ACTIVITY: Could you restate all of the records below exactly, with the pictures left out?

RECORDS FOR PROCESSING:
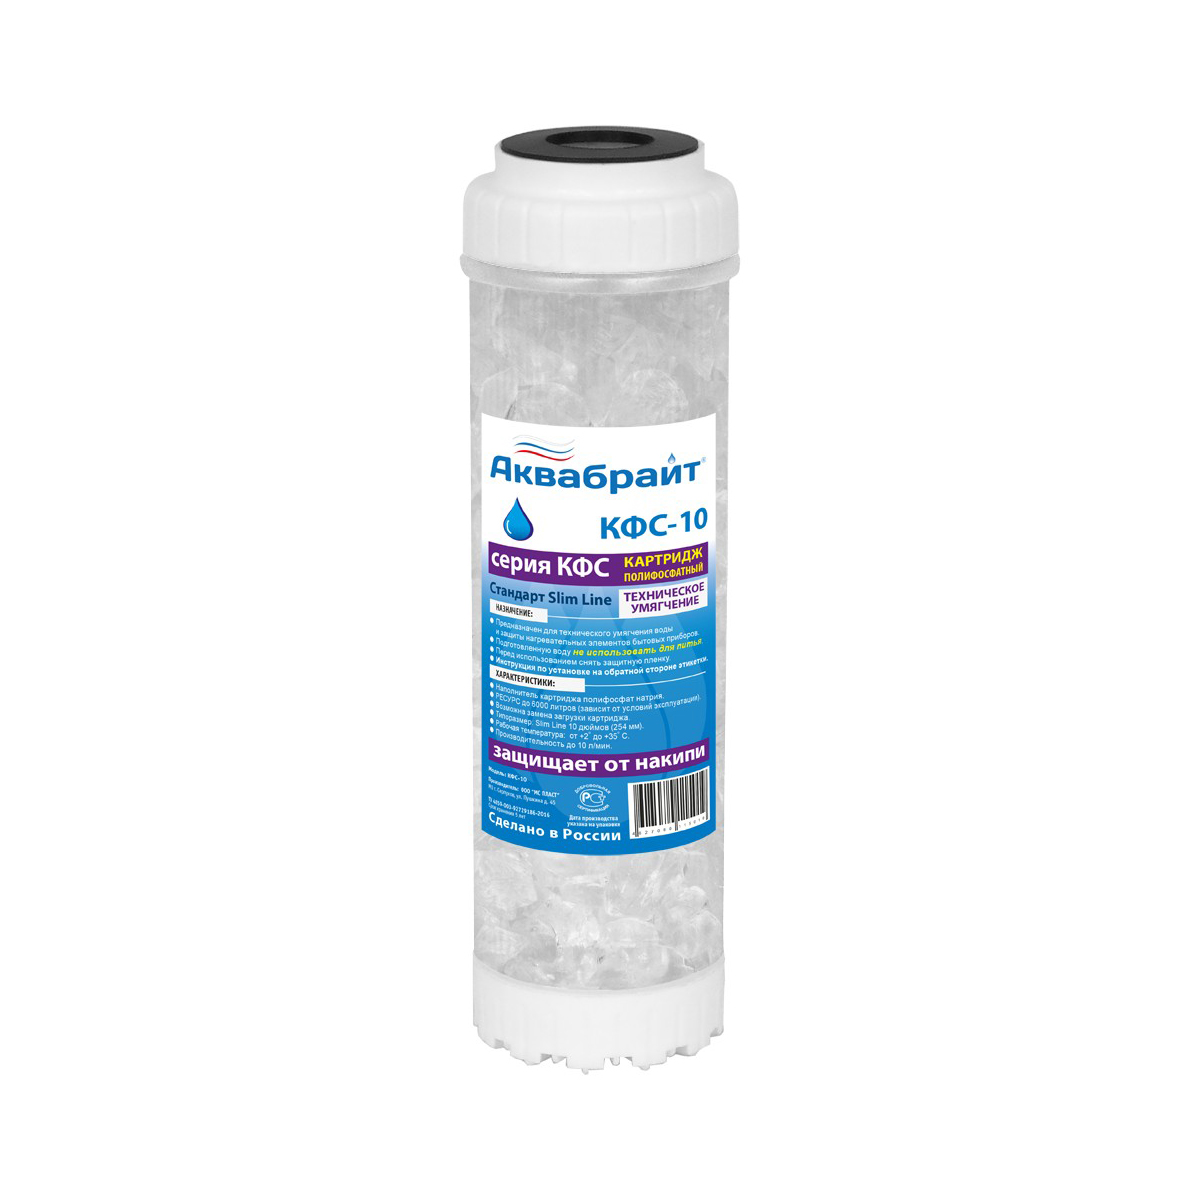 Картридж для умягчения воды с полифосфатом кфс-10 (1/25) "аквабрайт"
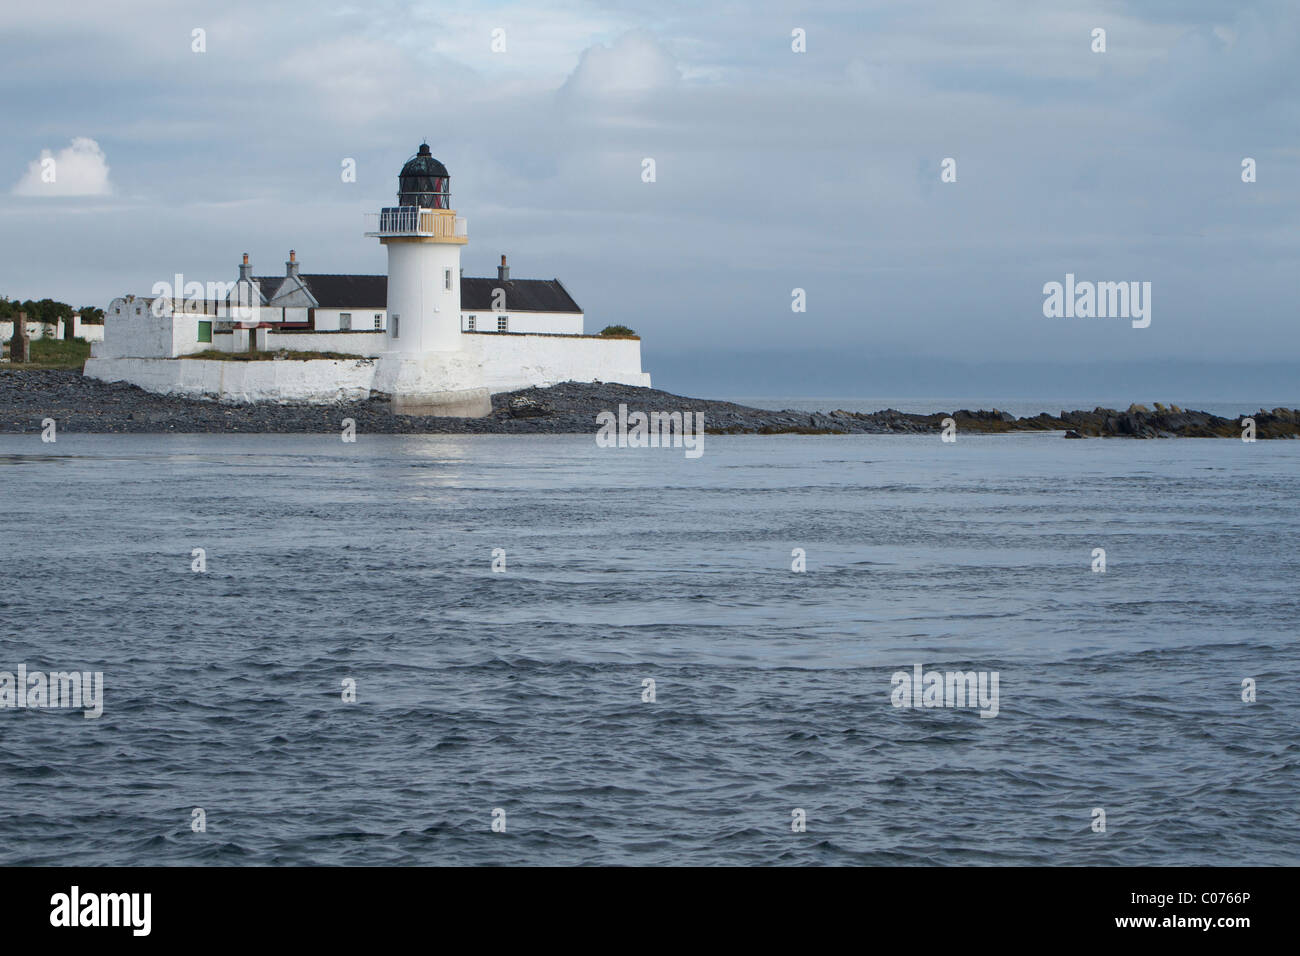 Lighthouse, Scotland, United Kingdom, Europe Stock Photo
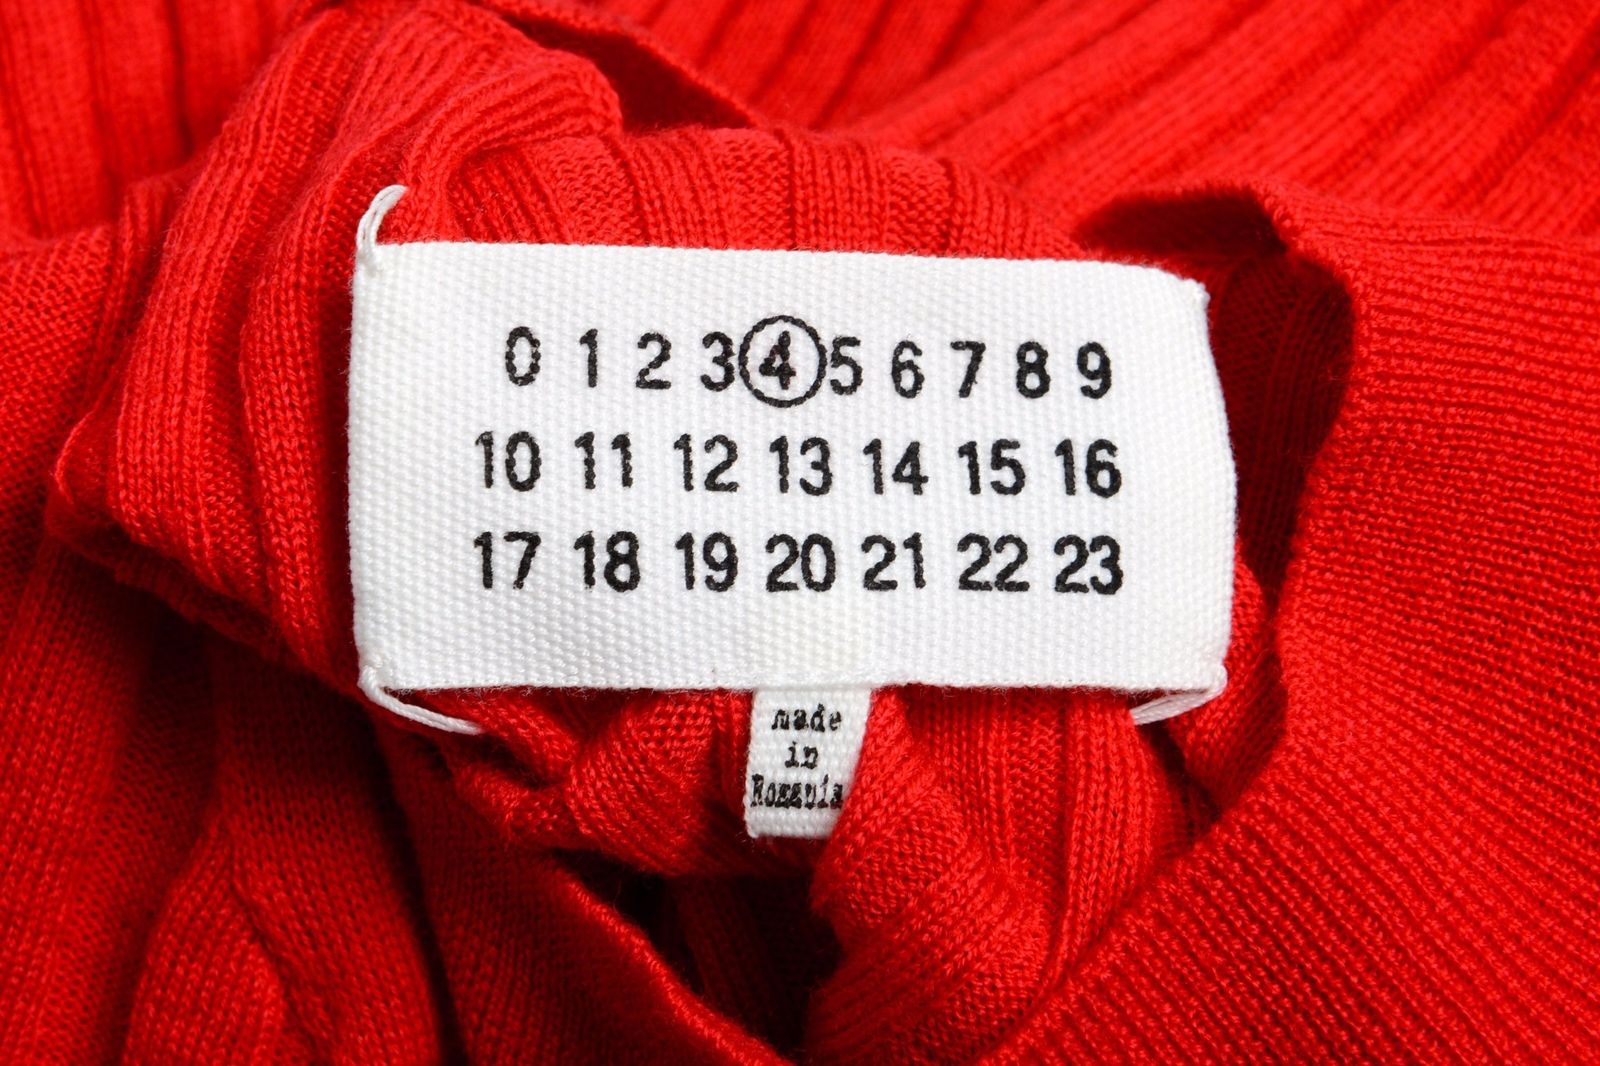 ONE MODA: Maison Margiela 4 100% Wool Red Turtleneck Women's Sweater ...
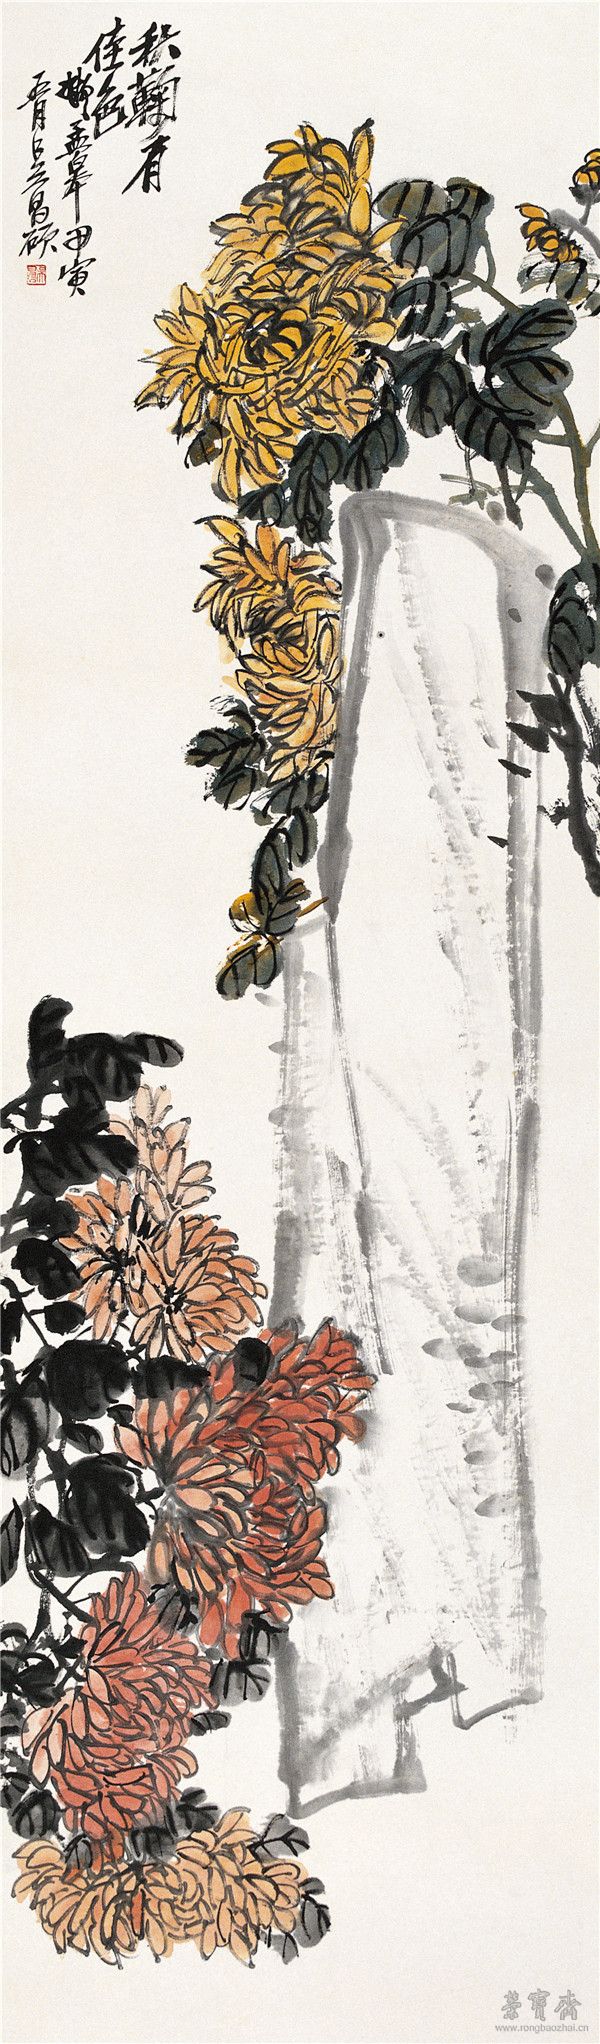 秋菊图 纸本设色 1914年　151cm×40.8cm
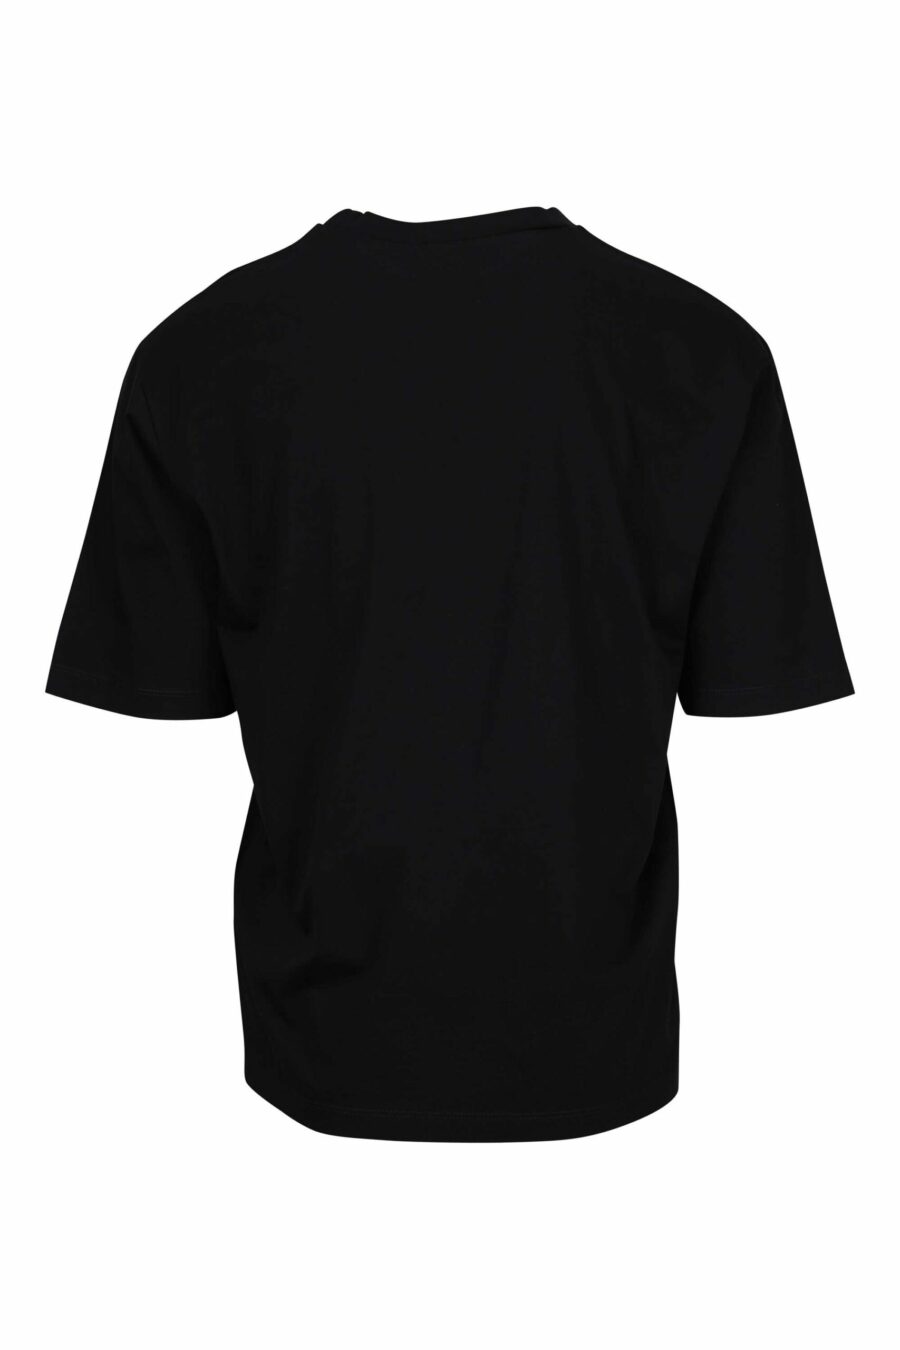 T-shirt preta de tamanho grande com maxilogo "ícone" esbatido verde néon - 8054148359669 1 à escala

RESULT OF THE TASK:
 Картридж для умягчения воды с полифосфатом кфс-10 (1/25) "аквабрайт"
 Lighthouse, Scotland, United Kingdom, Europe Stock Photo
 ONE MODA: Maison Margiela 4 100% Wool Red Turtleneck Women's Sweater ...
 秋菊图 纸本设色 1914年　151cm×40.8cm
 T-shirt preta de tamanho grande com maxilogo "ícone" esbatido verde néon - 8054148359669 1 à escala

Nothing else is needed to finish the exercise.